Retype the data below exactly; skip every image.

INFORMATION SUPPLIED:
□ □ □ □ □ □ □

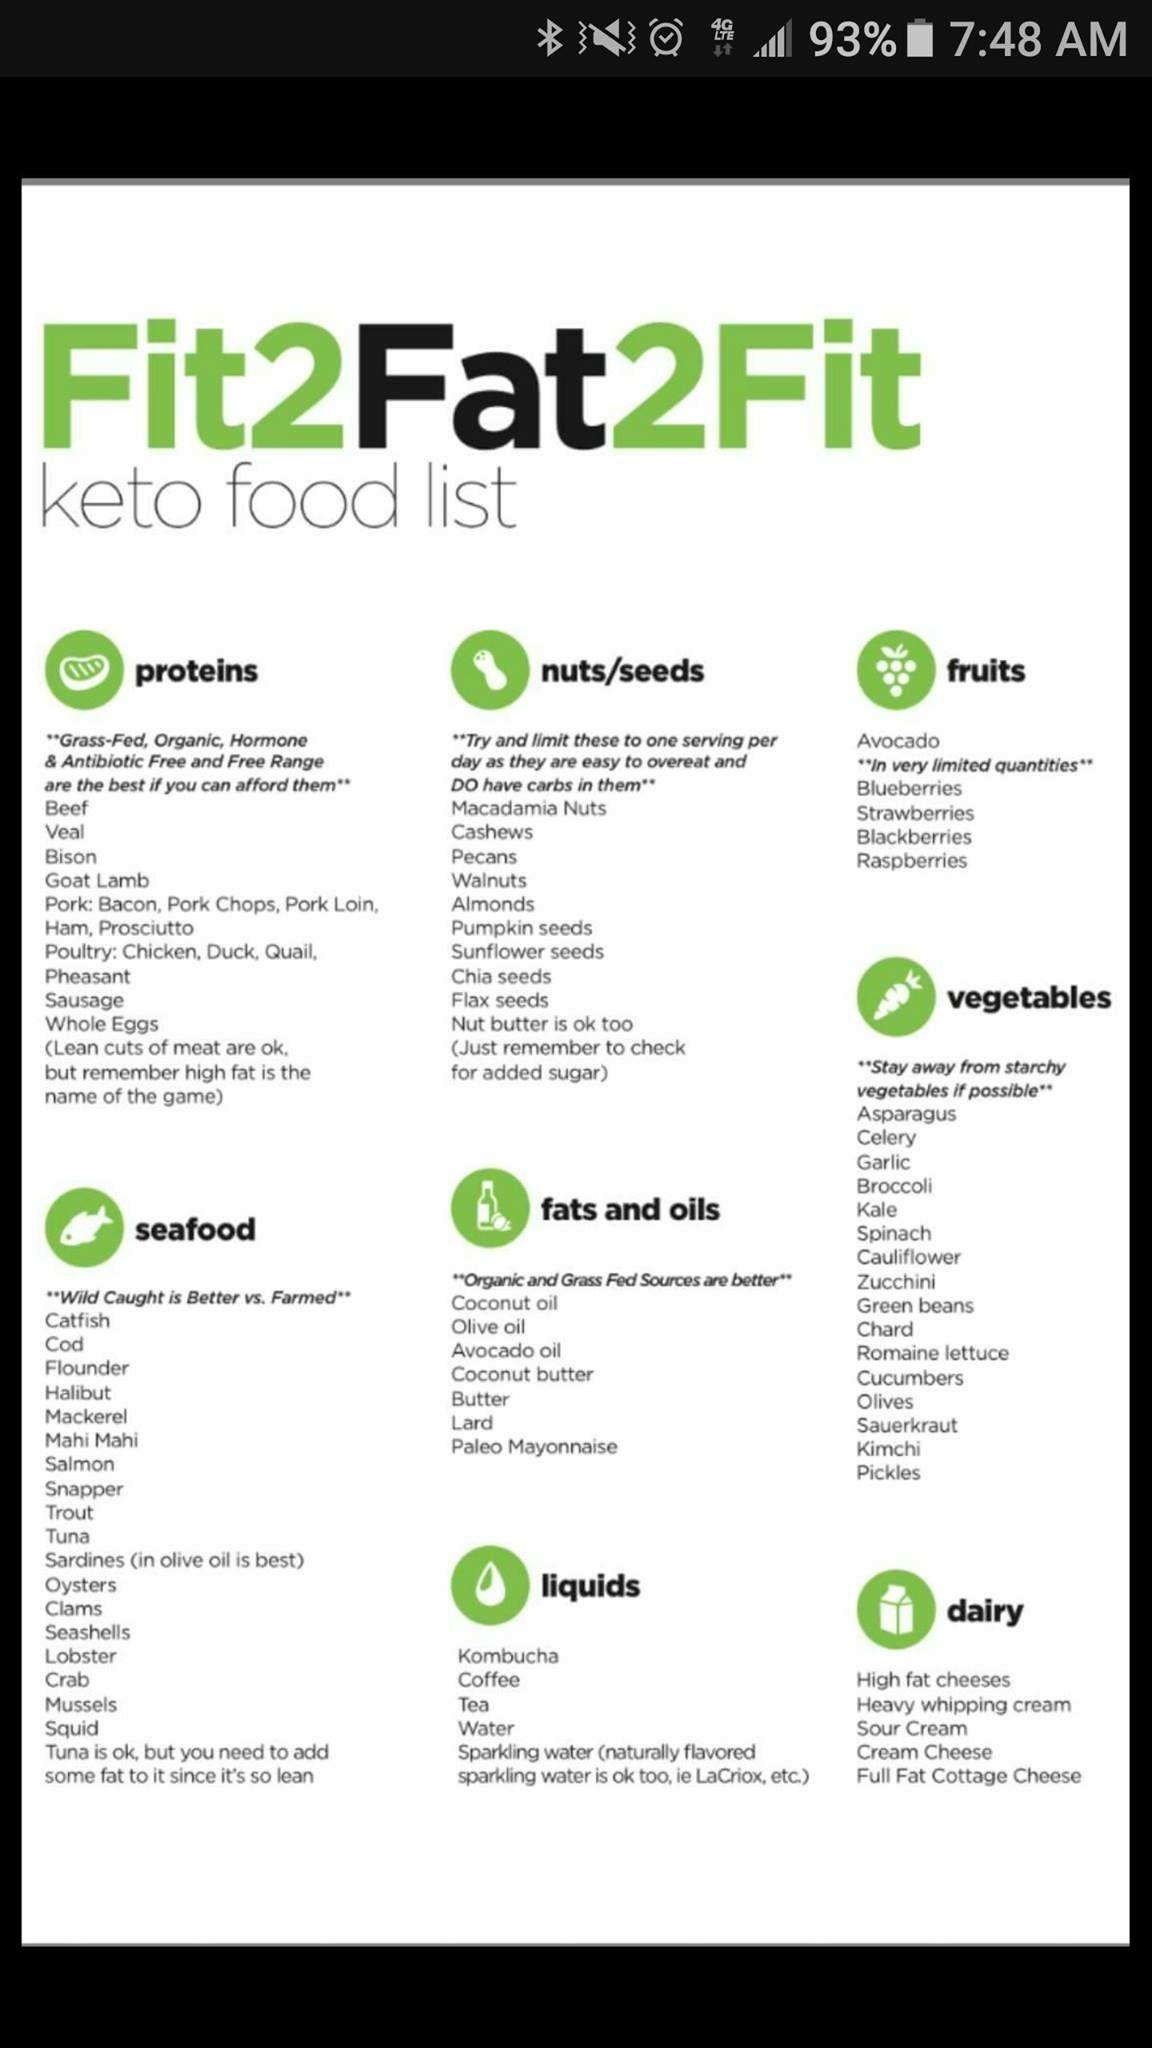 Printable Fit2fat2fit Keto Meal Plan Pdf
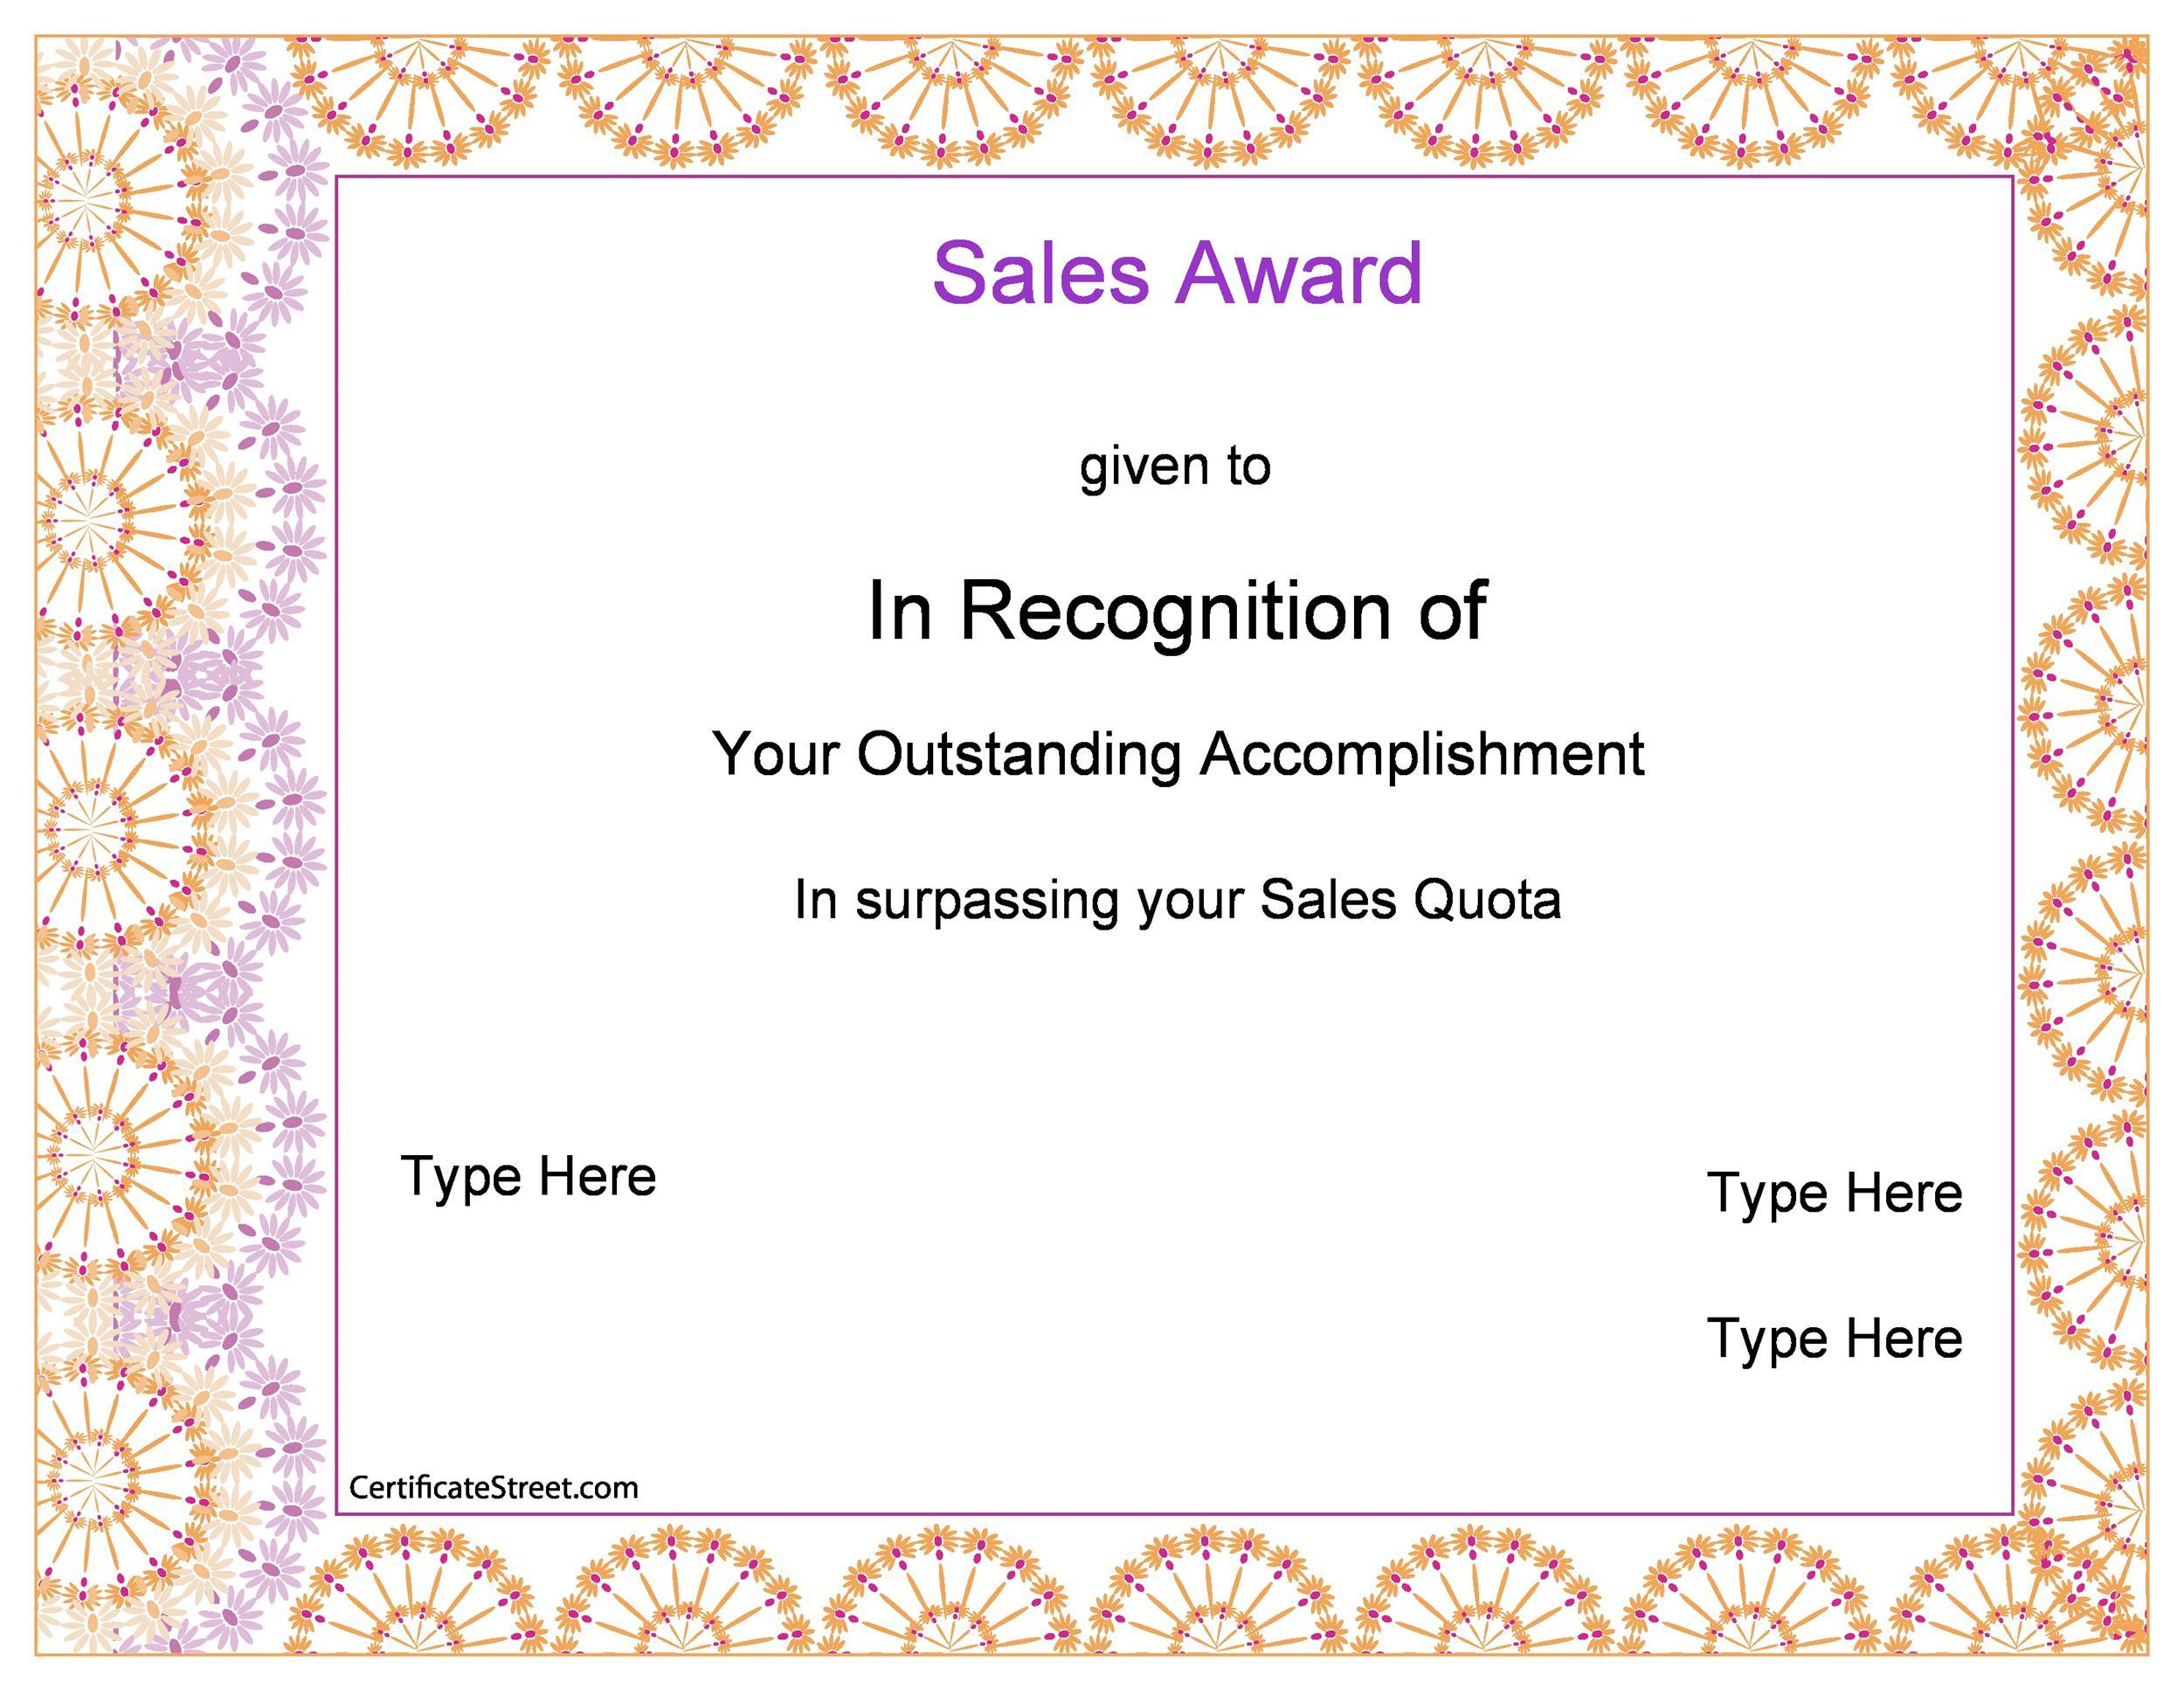 50 Amazing Award Certificate Templates Template Lab – Certificate Award Template
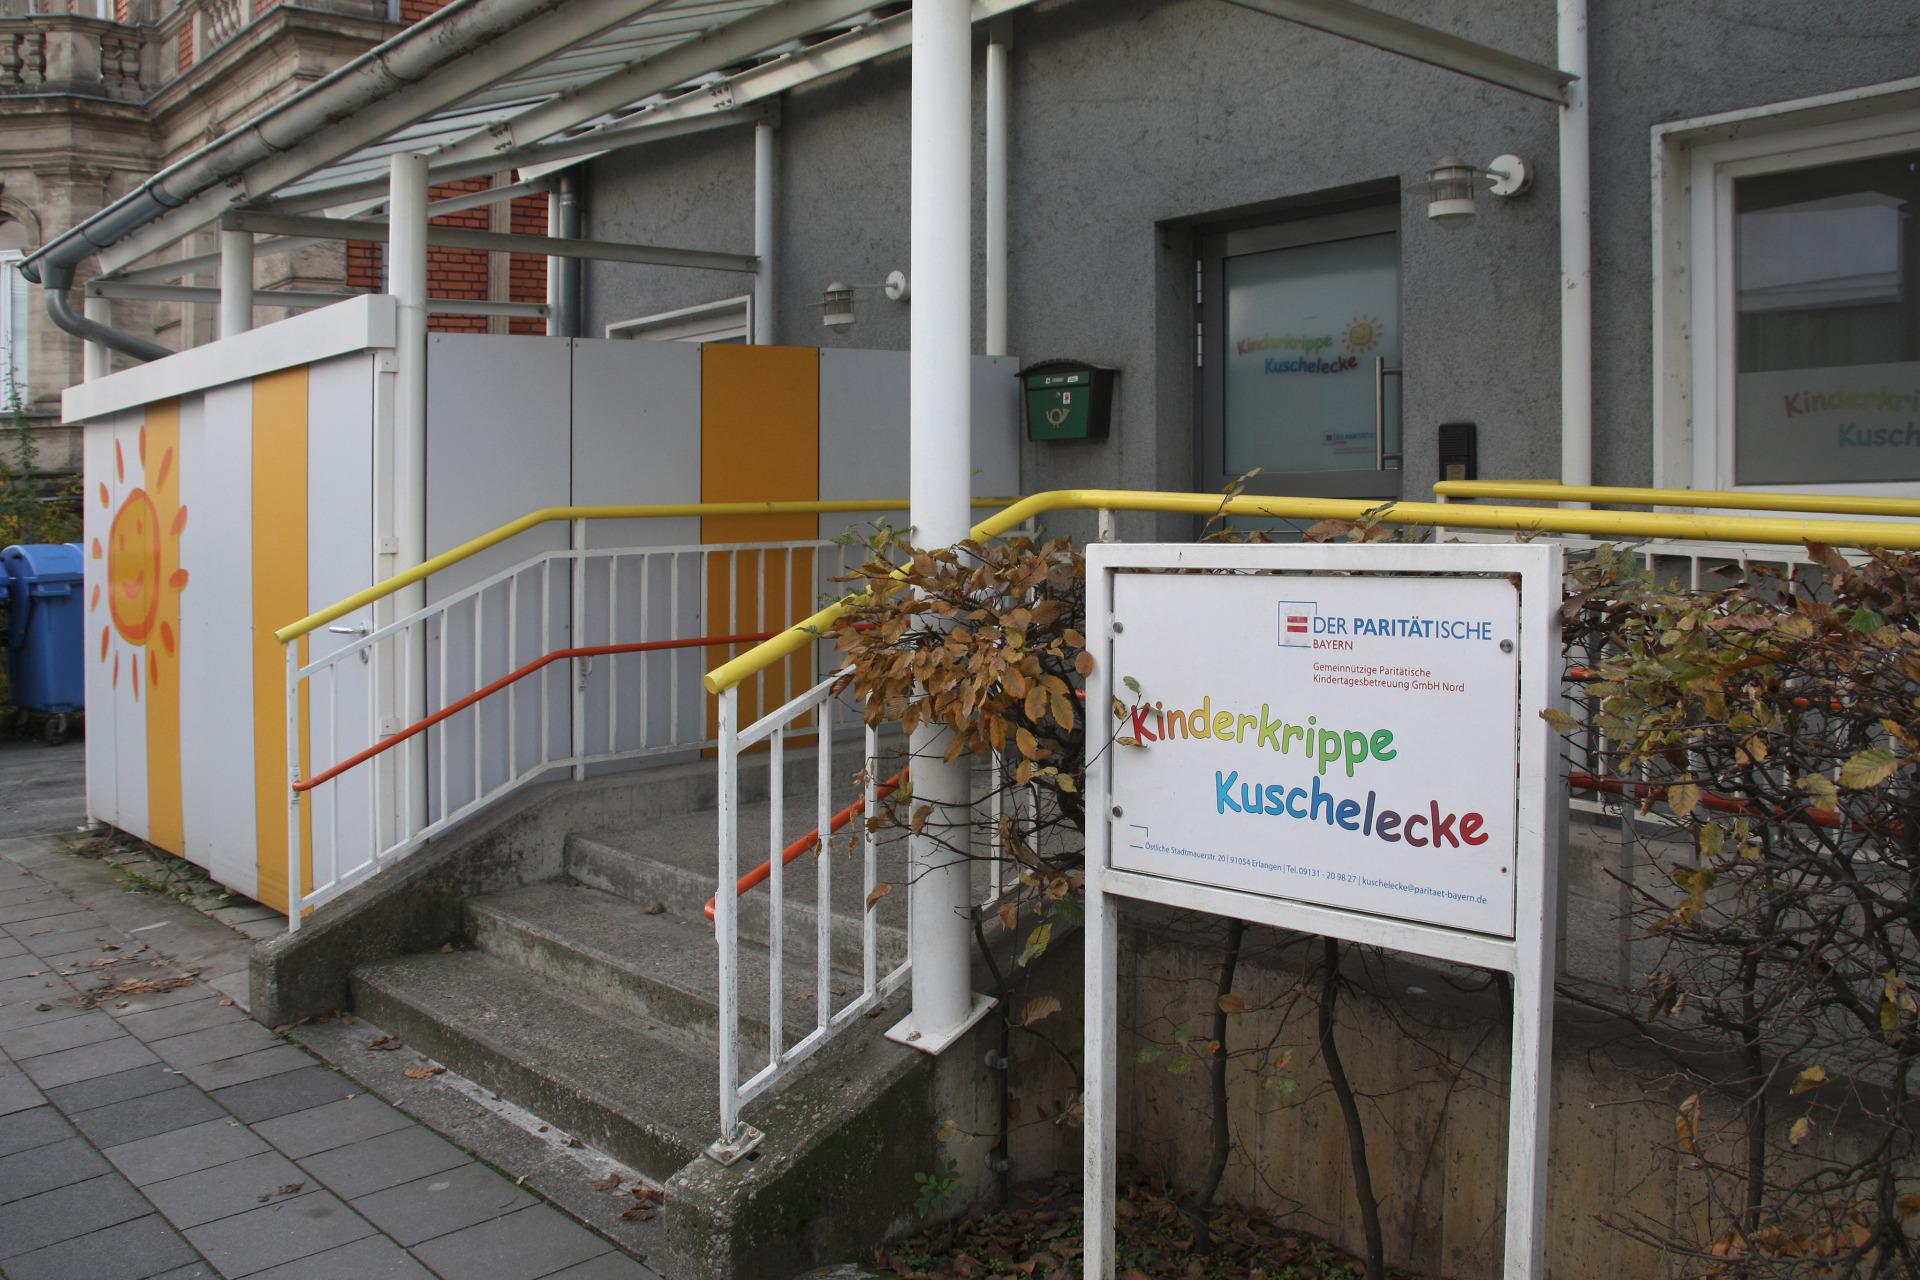 Kinderkrippe Kuschelecke 91054 Erlangen Paritatische Kita

□ □ □ □ □ □ □

REPLY:
 Printable Fit2fat2fit Keto Meal Plan Pdf
 50 Amazing Award Certificate Templates Template Lab – Certificate Award Template
 Kinderkrippe Kuschelecke 91054 Erlangen Paritatische Kita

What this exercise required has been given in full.